Another important part of preventing the spread of pathogens is to keep areas clean. You should wash any sheets or blankets after each patient. Make sure you also swap out gloves for a new pair between patients.

After a patient leaves, disinfect their room to get rid of any pathogens that may remain on surfaces. Then, you can make sure the next patient won’t have as much of a risk of getting the pathogen.

Provide Training to Employees

You should also offer training to any employees who may work with patients or other materials that may have an infection. Each employee should understand their risk and what they can do to stay safe.

Everyone should receive training when they start and any time regulations or policies change. Then, you can make sure everyone is always up to date on what they need to do.

What to Do After Contact

While you can give your employees every resource possible, they may still have an exposure to a bloodborne pathogen. In that case, your employees should know how to handle the exposure to prevent or treat the transmission.

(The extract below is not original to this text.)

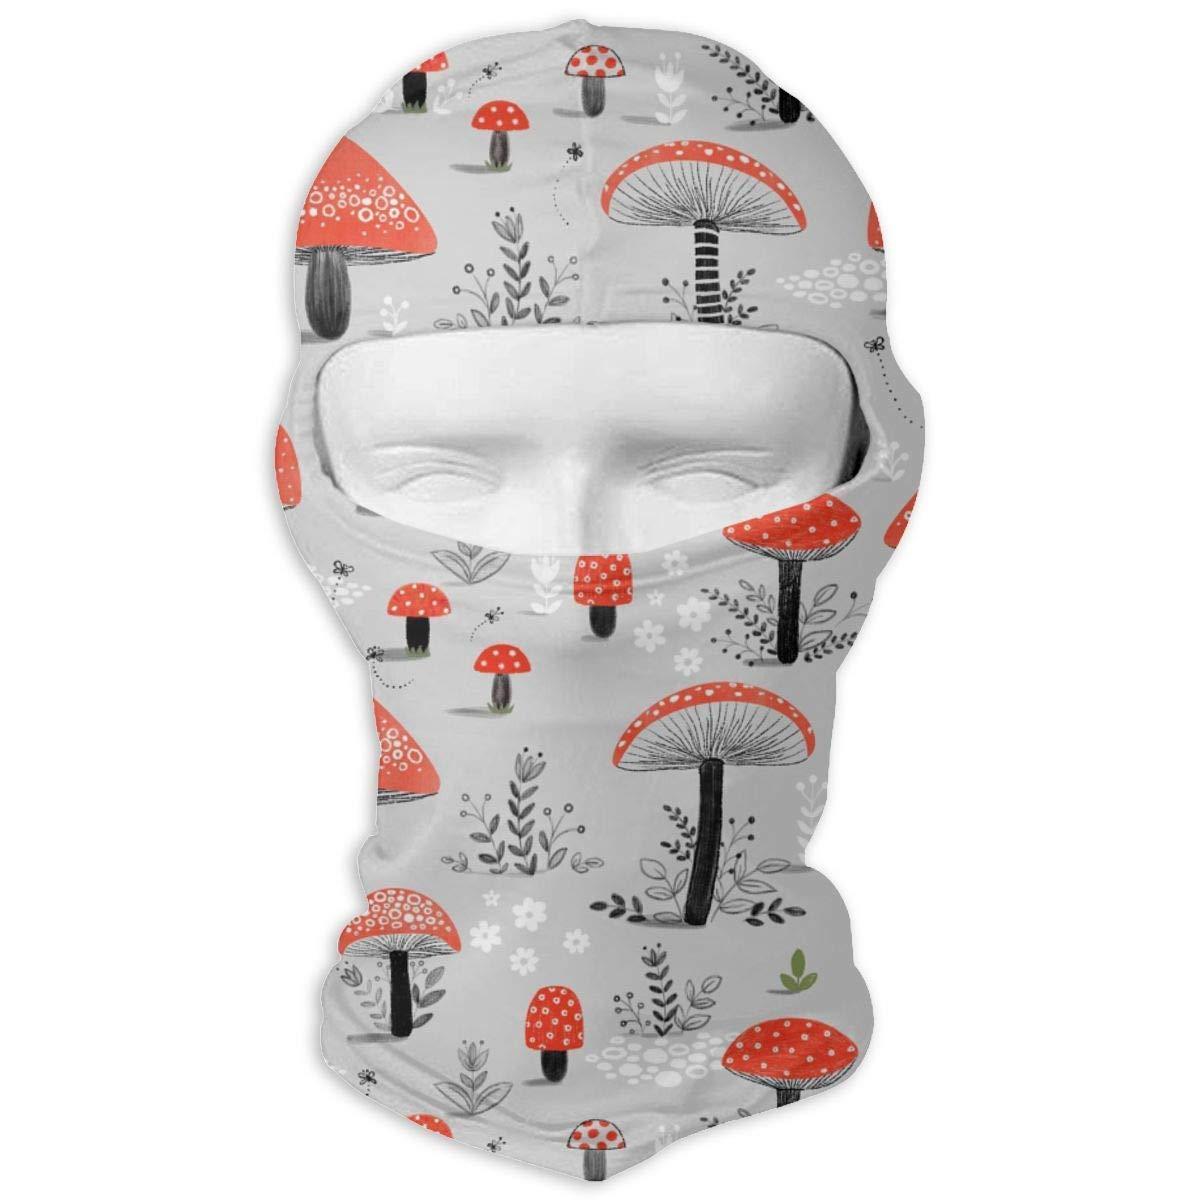 LJBBJL1 Mushroom Plants Balaclava Face Mask Hood Outdoor Sport Hat for Ski,Cycling,Motorcycling,Climbing

Here are a few steps you and your employees can take after an exposure.

Wash the Wound

After a cut or needle stick, you should use soap and water to wash the wound. Try not to rub the area so that you can keep from spreading the pathogen. Instead, pat the area and keep it running under water to encourage slow bleeding.

Give the wound enough time to bleed a bit before covering it with gauze or a bandaid. Then, you can dress the wound to protect it from further infection.

Flush Your Mucous Membranes

If the exposure comes from a splash to the eyes, use water, sterile wash, or a saline solution to irrigate the eyes. Do this as soon as possible to keep the infection from getting further.

If your mouth or nose has an exposure, you can just use water to flush out the infection.

Flush your mucous membranes as much as you can to expel the pathogen. While you may still get an infection, this can reduce your exposure.

After you take these steps, report any exposure to your employer and seek medical care. Then, you can treat any signs of the infection.